Asked whether seasonal festivities should be canceled, Ms. Ammon replied: “We still have some time until Christmas. But if the situation doesn’t get better, it might mean that these measures should be taken over Christmas as well.”

The E.C.D.C. also recommended that booster doses should be “considered” for all adults, with a priority given to those above 40 years old. On Tuesday, Italy allowed vaccinated people to get a booster shot five months after the second shot of their initial vaccination.

Europe has seen a sharp spike in the number of new infections, hospitalizations and deaths in recent weeks, prompting governments to impose new restrictions, including a lockdown in Austria, one of the first in Western Europe since vaccines became available. The German health minister, Jens Spahn, warned on Monday that by the end of this winter “just about everyone in Germany will probably be either vaccinated, recovered or dead.”

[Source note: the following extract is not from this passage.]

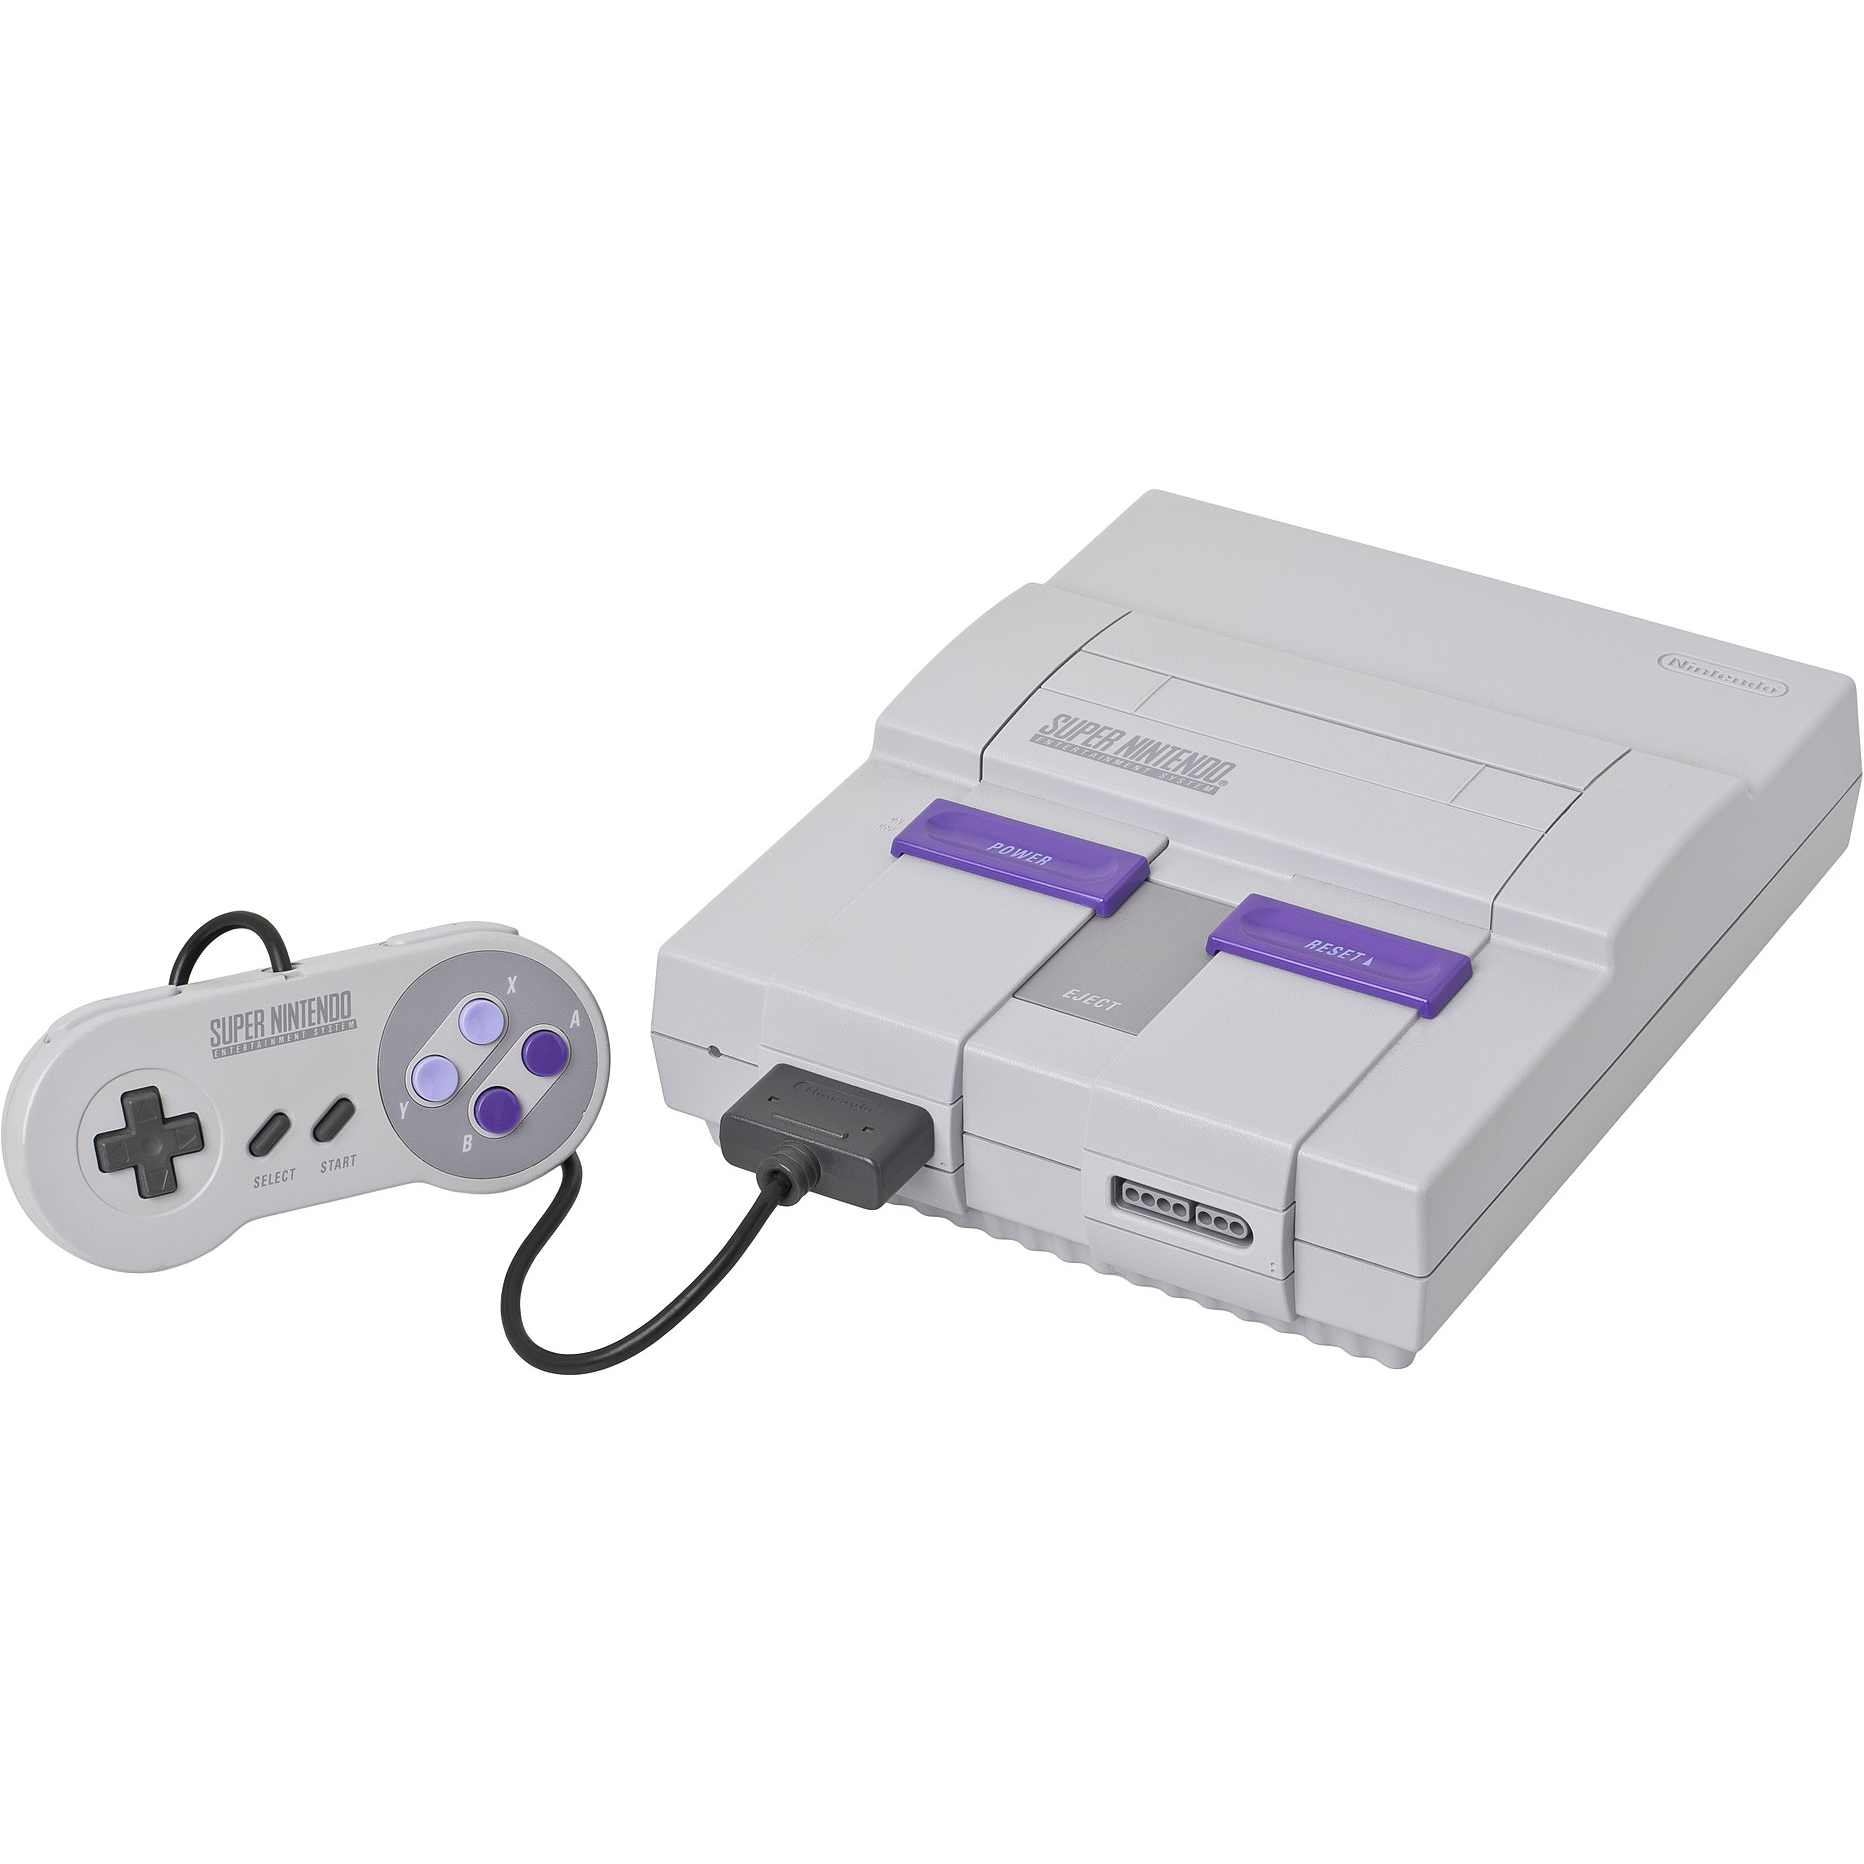 Super Nintendo Entertainment System (Grade 1)
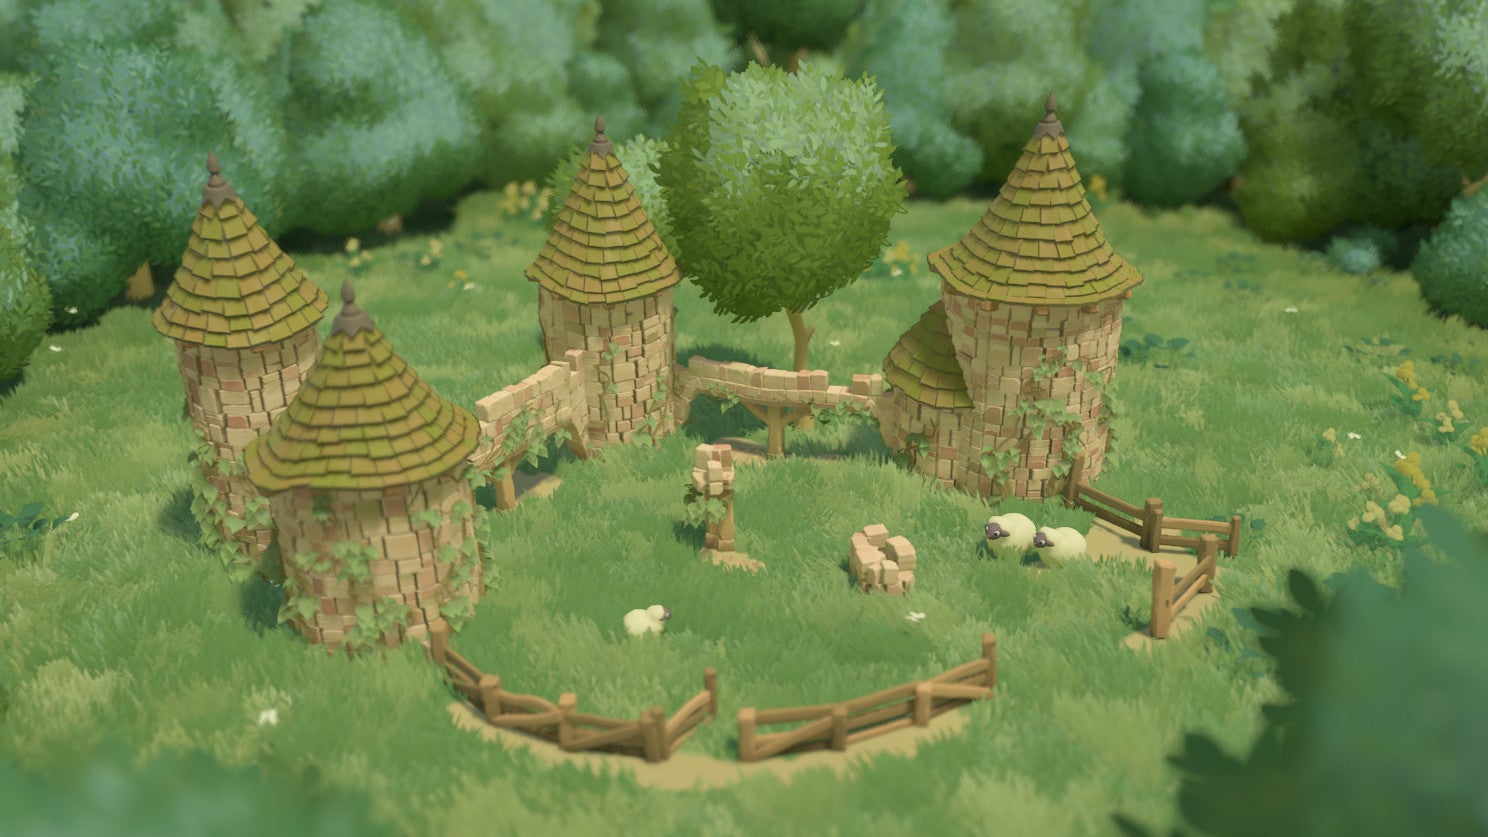 A cute village diorama in a Tiny Glade screenshot.

According to the World Health Organization, Europe accounted for more than half of the world’s reported Covid deaths this months, and more than two million new cases each week, the most since the pandemic began. On Tuesday, the World Health Organization said that Covid had become the leading cause of death in Europe, and that Europe’s Covid death toll would likely exceed two million by next spring.

Over the weekend, tens of thousands Europeans across the continent protested, sometimes violently, against vaccine mandates and new restrictions.

There are very high discrepancies in vaccination rates between different European countries. Only 24 percent of the total population in Bulgaria has been fully inoculated, contrasted with 81 percent in Portugal. But as vaccinated people can also transmit the disease, the E.C.D.C. said, it is important to put in place restrictions even in countries with high inoculation rates.